Please retype the listing below word for word and exclude its images.

**DATA**

□ □ □ □

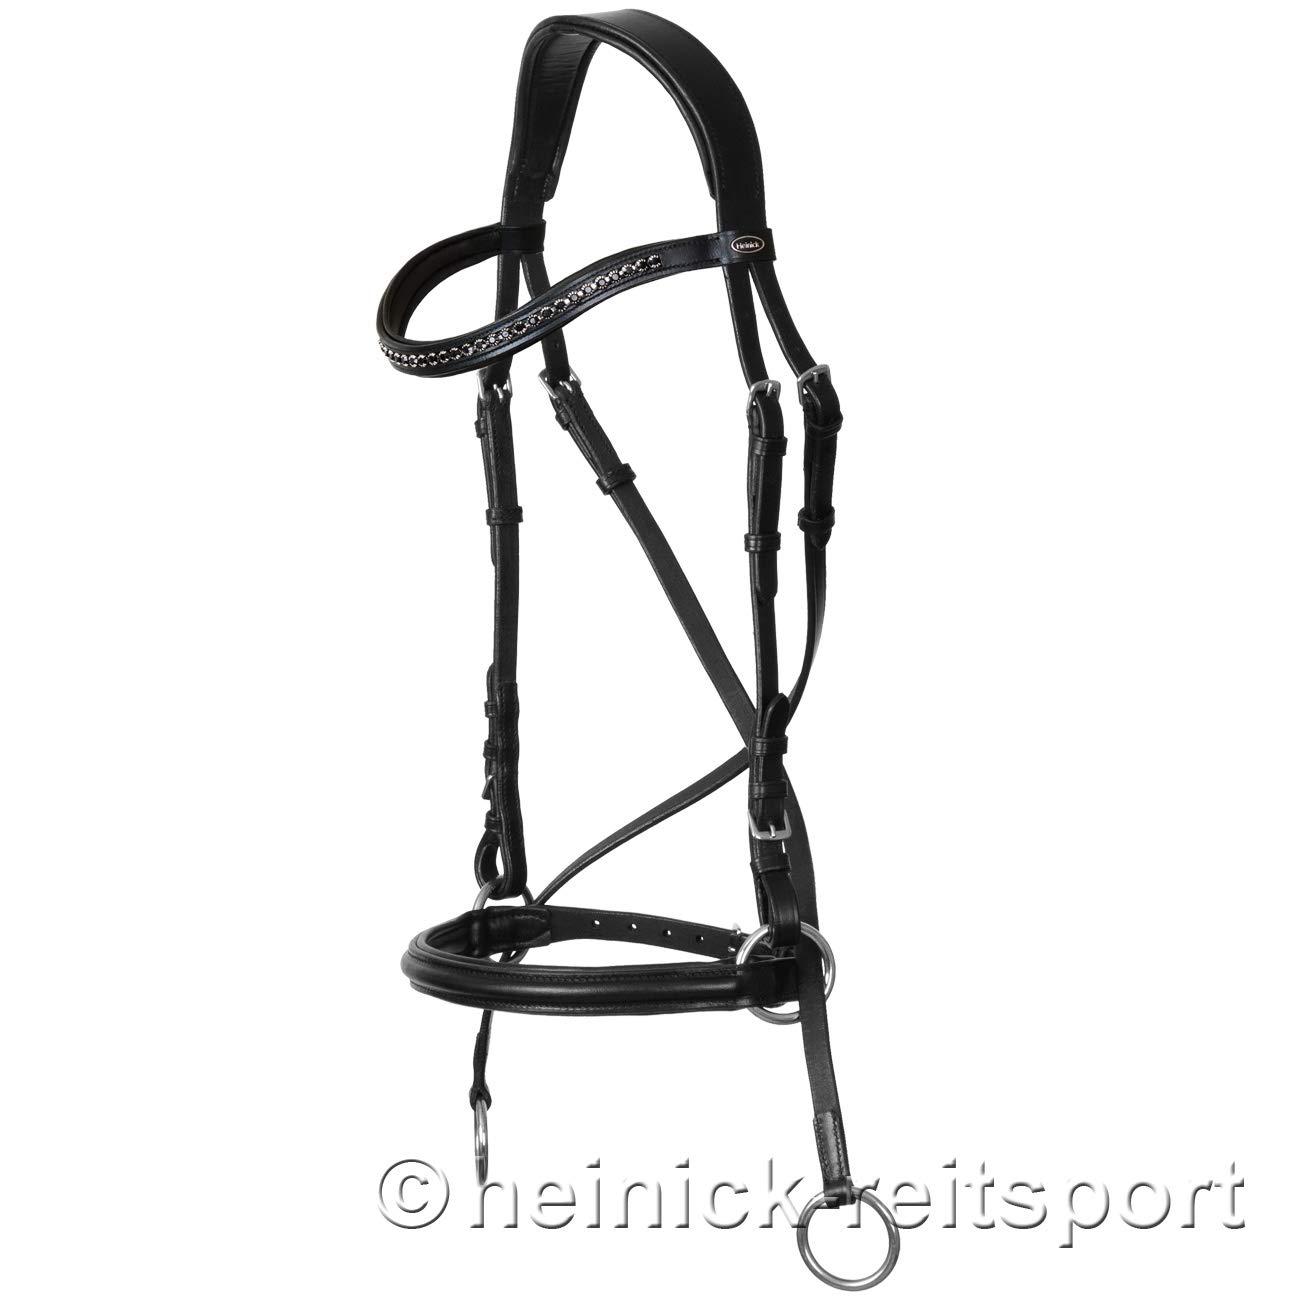 heinick de l/équitation Comfort Bridon ~ Agate ~ gebisslose z/äumung sans R/ênes Bridon demi-sang pur-sang
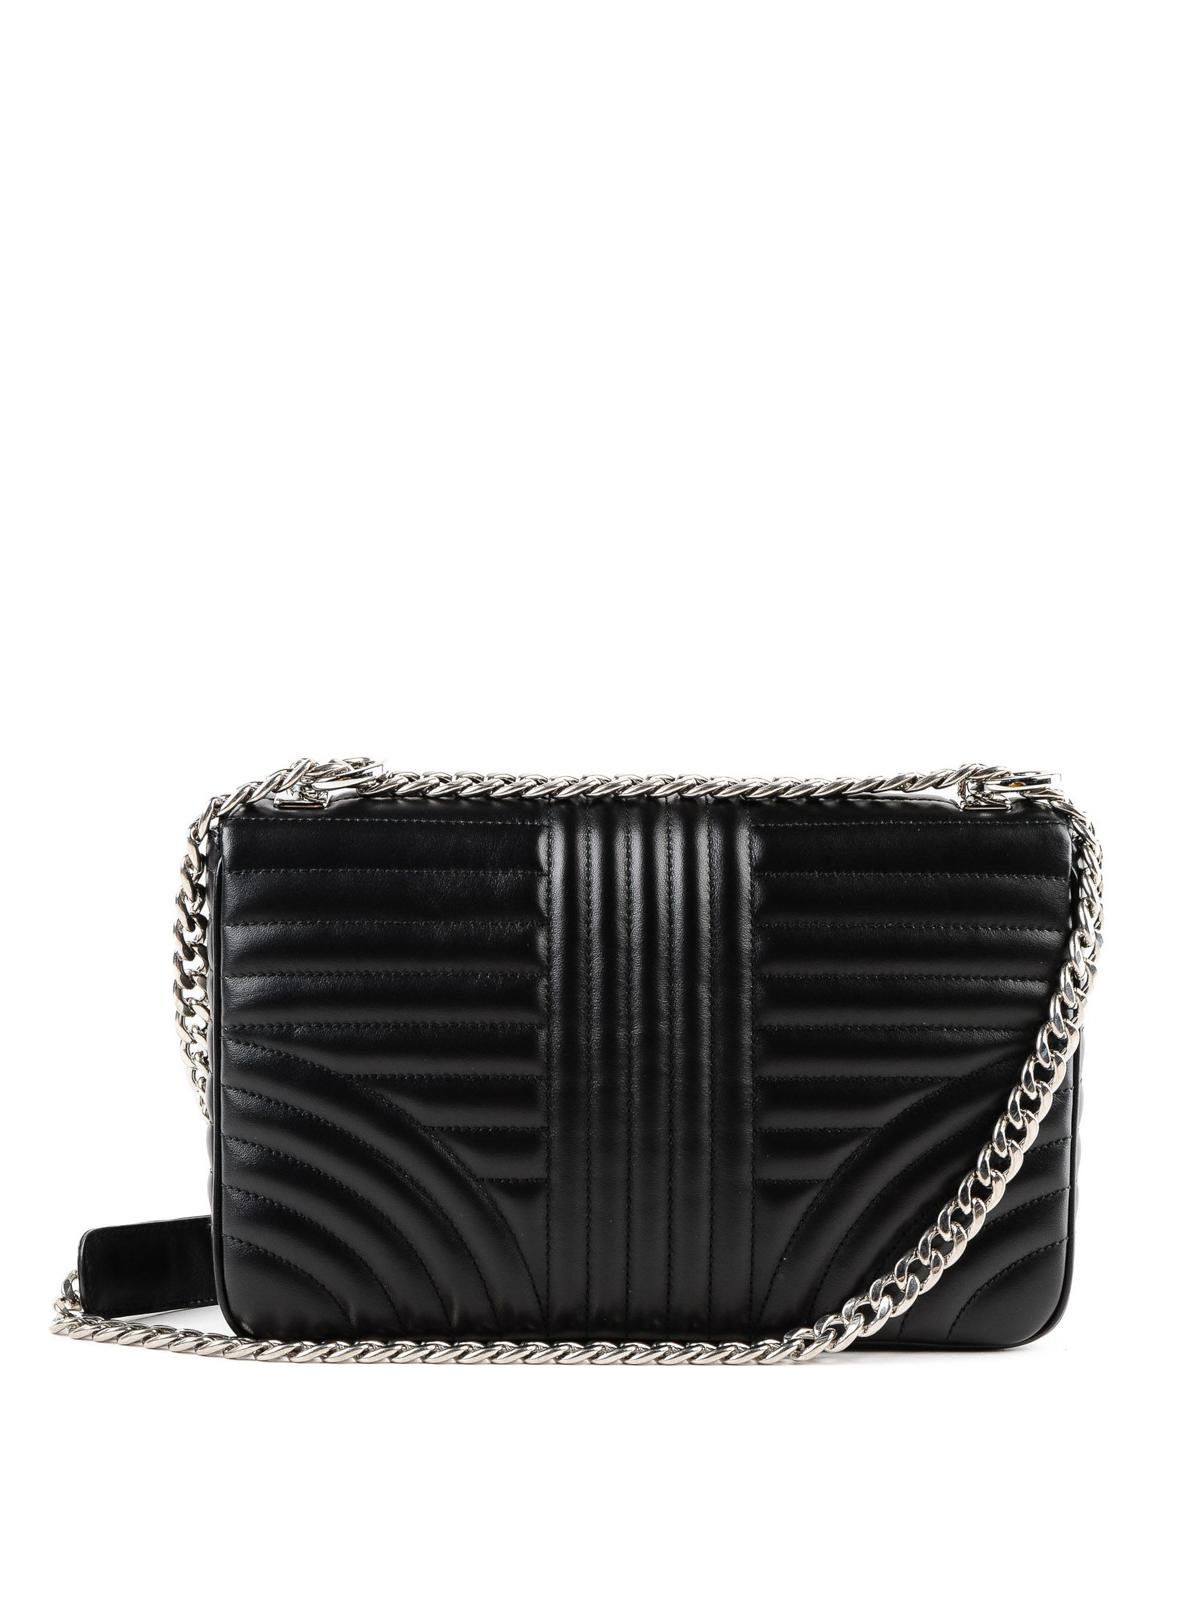 e4c2f27dd2 iKRIX PRADA: shoulder bags - Diagramme black leather shoulder bag
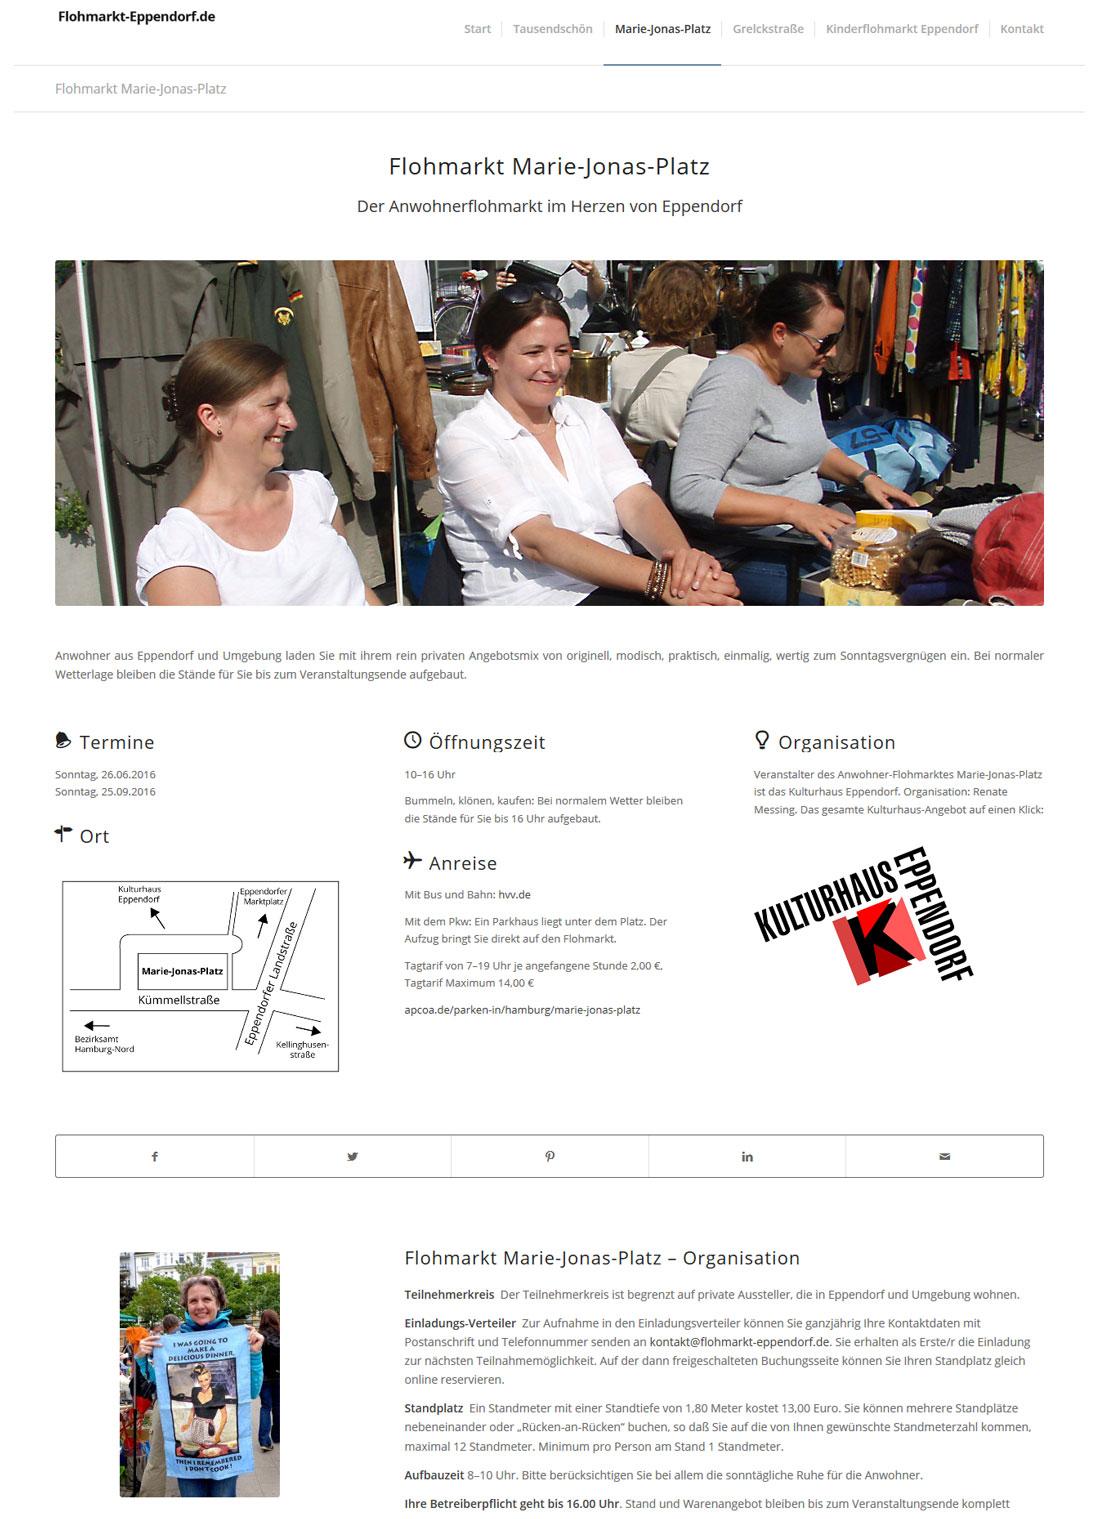 Flohmarkt Eppendorf Seitenansicht Marie-Jonas-Platz
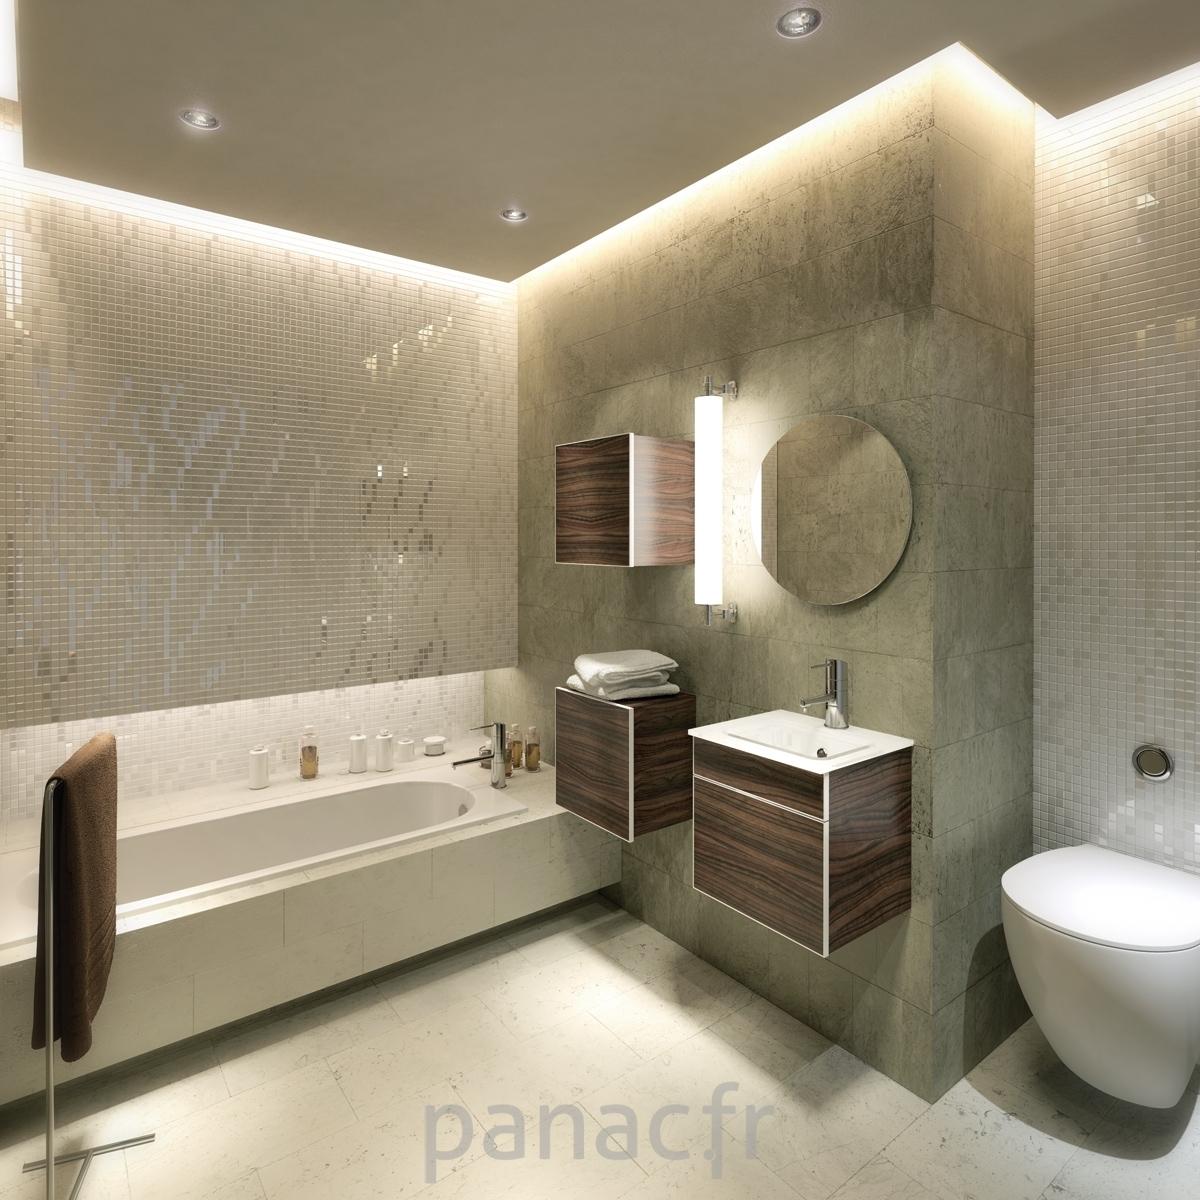 Salle de bain moderne salle de bain design - Salle de bain design moderne ...

□ □ □ □

**ANSWER**
 heinick de l/équitation Comfort Bridon ~ Agate ~ gebisslose z/äumung sans R/ênes Bridon demi-sang pur-sang
 e4c2f27dd2 iKRIX PRADA: shoulder bags - Diagramme black leather shoulder bag
 Flohmarkt Eppendorf Seitenansicht Marie-Jonas-Platz
 Salle de bain moderne salle de bain design - Salle de bain design moderne ...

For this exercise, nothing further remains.